“Bayes’ Theorem is the quiet architect of artificial intelligence, showing us that true intelligence is not found in knowing everything, but in learning how to change our minds when new evidence appears.” – MJ Martin
Introduction
Do you understand how artificial intelligence works?
Artificial Intelligence is built on statistics. It finds multiple answers to every question posed, and then selects the best answer with the highest probability of being correct. AI systems apply probability theory to solve problems. Through the optimization of logistics, the interpretation of complex data, or the seamless interaction with humans, it all adds up. Numbers are the fundamental foundation of A.I. Artificial Intelligence is all about probability….
Probability is one of the most fascinating branches of mathematics because it attempts to measure uncertainty and predict outcomes in an unpredictable world. Among the many important concepts in probability, Bayes’ Theorem stands out as a powerful tool that links prior knowledge with new evidence to update our understanding of the likelihood of events.
Named after Reverend Thomas Bayes, an 18th-century mathematician and theologian, this theorem is both elegant and practical, with applications ranging from medicine to artificial intelligence.
To understand Bayes’ Theorem is to explore not just a formula, but also a way of thinking about the world that encourages careful reasoning, humility about our assumptions, and a structured method for revising our beliefs.

The Foundation of Probability
Is gambling a game of chance or is it one of probability?
At its heart, probability is about quantifying how likely something is to happen. For example, when rolling a fair six-sided die, the probability of landing on a two is one out of six, or about 16.7 percent. Simple events like these are easy to calculate, but real-world situations are more complicated because they involve overlapping conditions and uncertain information.
This is where conditional probability becomes important.
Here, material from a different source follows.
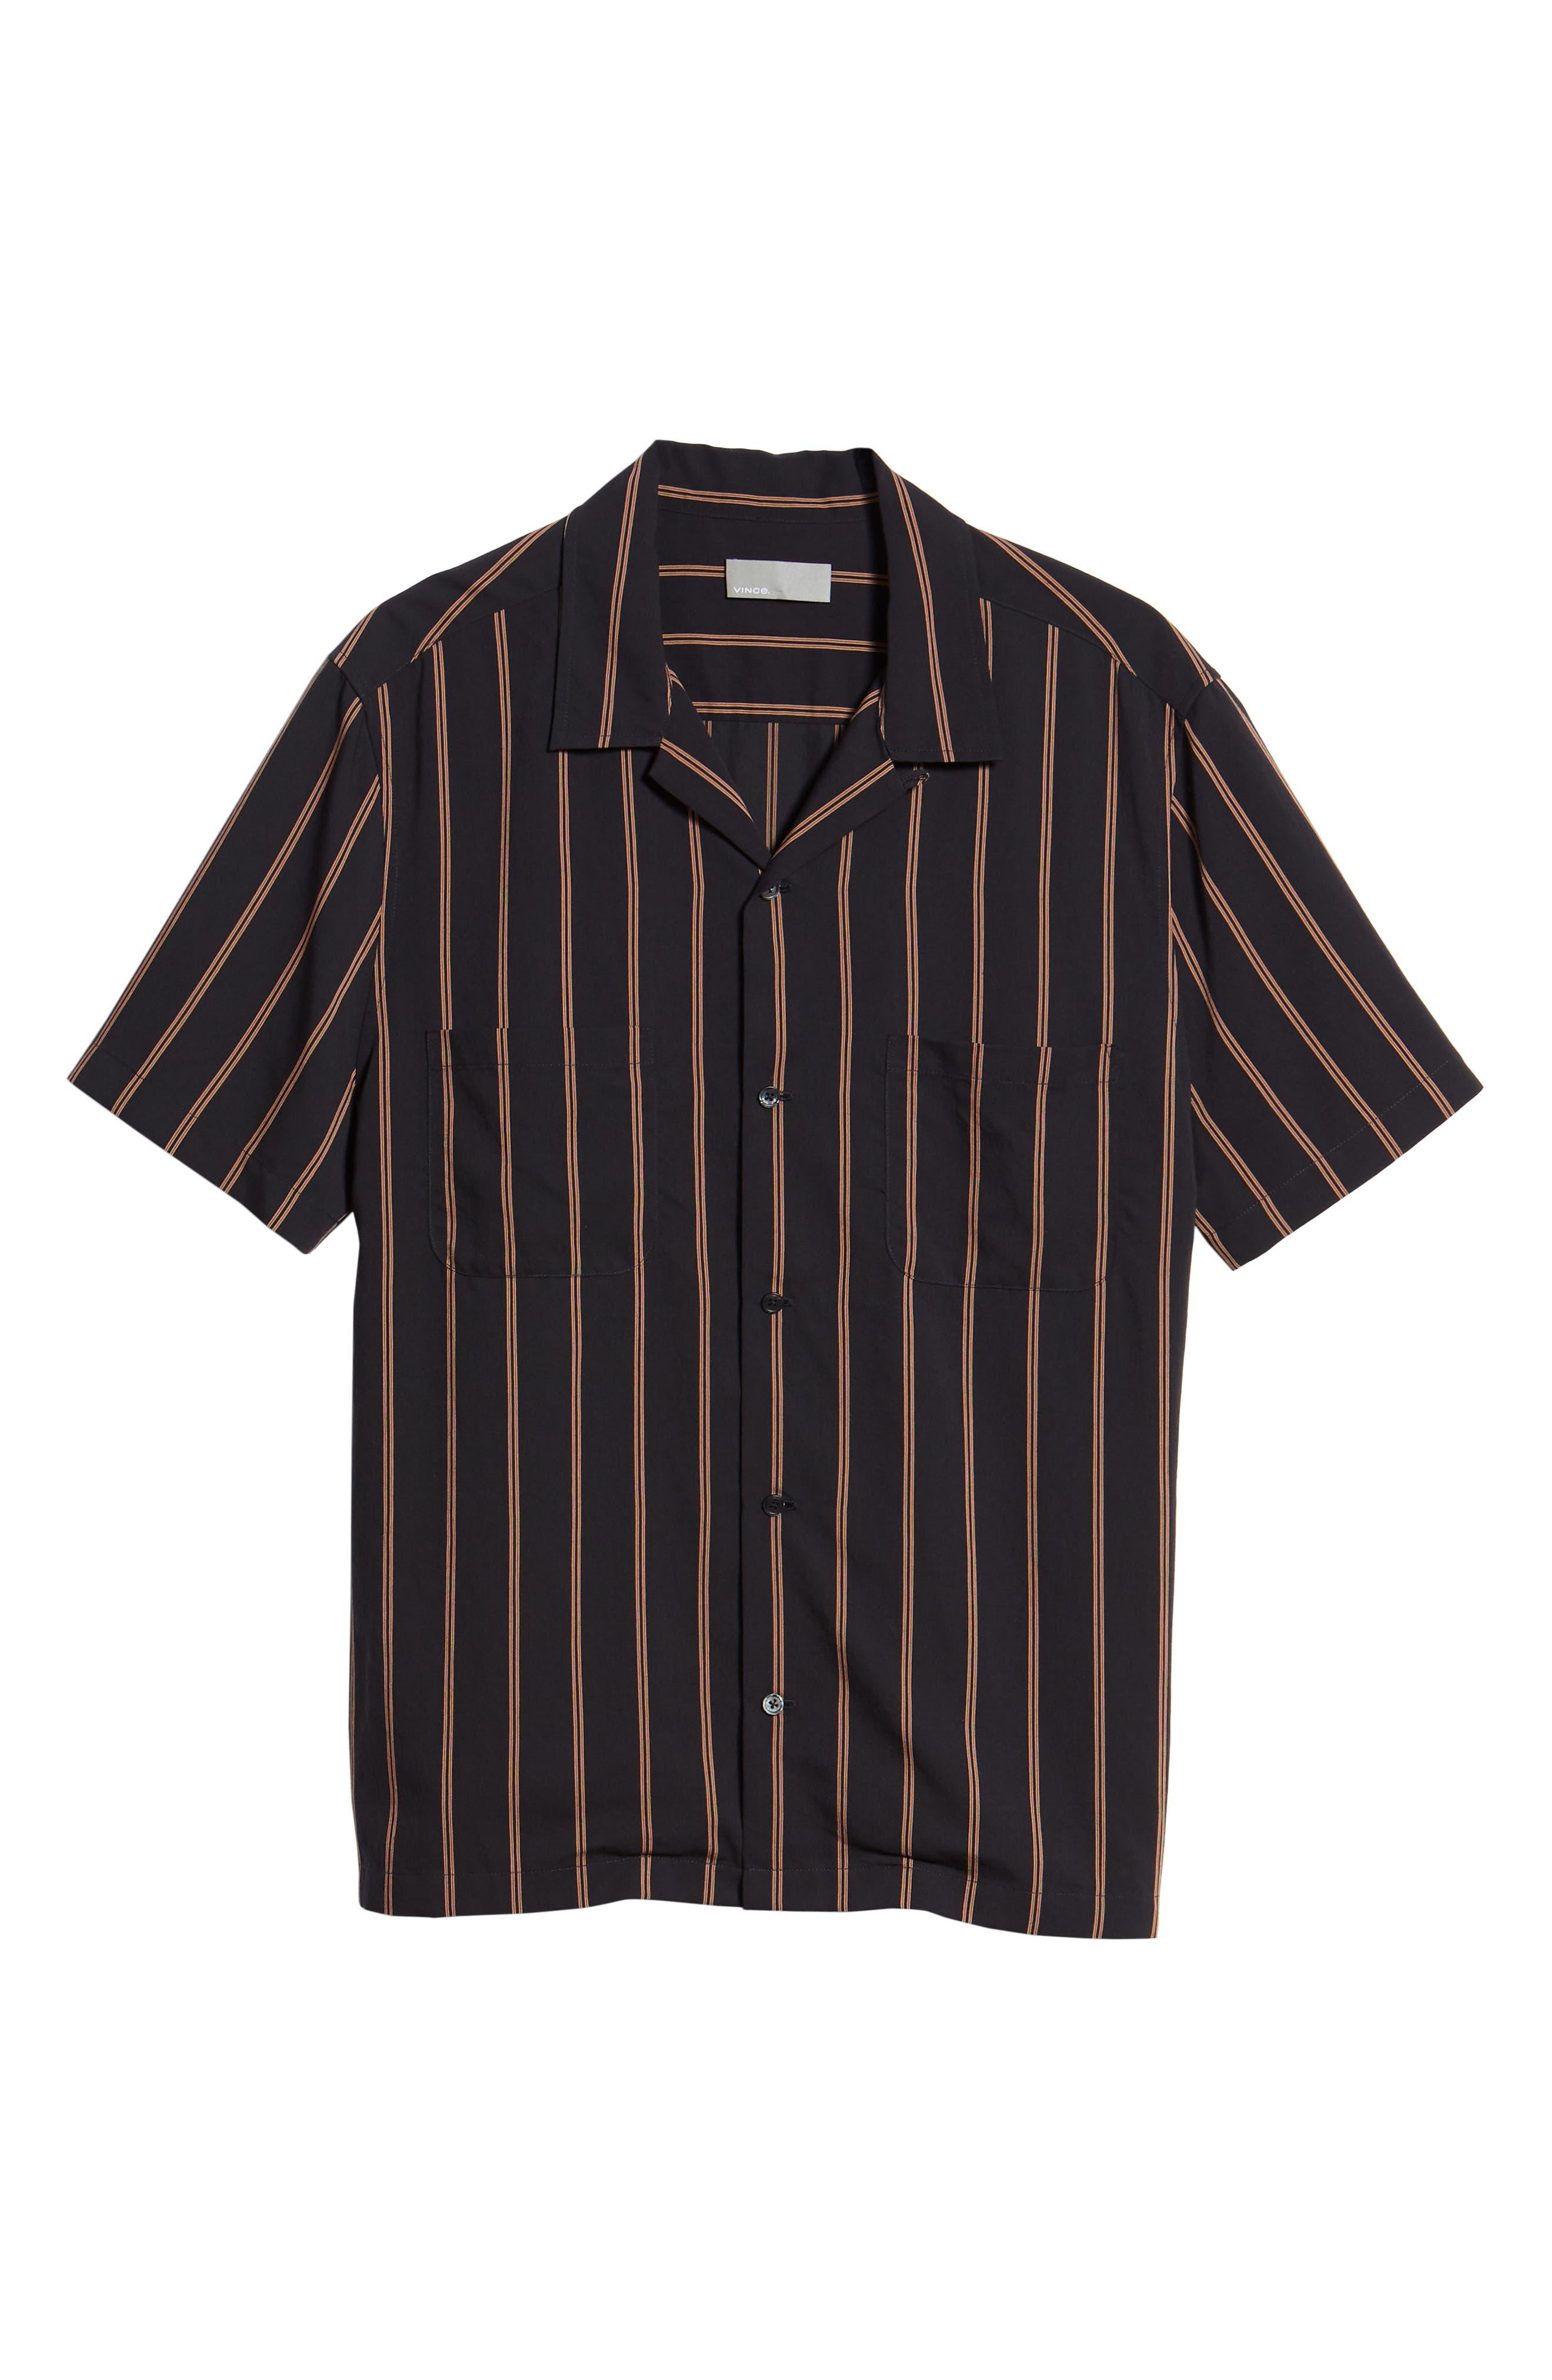 VINCE,                             Classic Vintage Cabana Shirt,                             Alternate thumbnail 6, color,                             463

Conditional probability is the likelihood that an event occurs given that another event has already happened. For instance, what is the probability that it is raining outside given that you see people carrying umbrellas? Bayes’ Theorem provides a mathematical framework for calculating such probabilities. As the statistician E. T. Jaynes wrote, “Probability theory is nothing but common sense reduced to calculation” (Jaynes, 2003).
Stating Bayes’ Theorem
What is Bayes’ Theorem exactly?
Bayes’ Theorem can be expressed in words as follows: the probability of an event A occurring, given that event B has occurred, is equal to the probability of B occurring given A, multiplied by the probability of A, and divided by the probability of B. In symbolic form, it is written as:
P(A|B) = [P(B|A) × P(A)] ÷ P(B)
Each part of this equation has a specific meaning. P(A) represents the prior probability, or how likely we believe event A is before we see any new evidence. P(B|A) is the likelihood, the probability that we would observe event B if A were true. P(B) is the marginal probability, or the overall chance of seeing event B no matter what. Finally, P(A|B) is called the posterior probability, the updated probability of A after considering the new evidence B.
Philosopher Richard Price, who helped publish Bayes’ work, observed that this process “gives us a rule to judge how much we should believe an event when informed of another” (Price, 1763).
An Everyday Example
Imagine you are in a city where 1 percent of the population has a rare illness. There is a medical test for this illness that is 99 percent accurate. If you test positive, what is the probability that you actually have the illness? At first glance, many people think the answer must be 99 percent. However, Bayes’ Theorem reveals a more nuanced truth.
The prior probability of having the illness is 1 percent. The likelihood that the test is positive if you have the illness is 99 percent. The probability of testing positive overall includes both true positives and false positives. Using Bayes’ Theorem, the posterior probability of actually having the illness given a positive test is closer to 50 percent. This surprising result shows how easy it is to misinterpret probabilities without a structured method for reasoning. Bayes’ Theorem forces us to balance prior odds with new evidence, which is why it has become a cornerstone of modern decision-making.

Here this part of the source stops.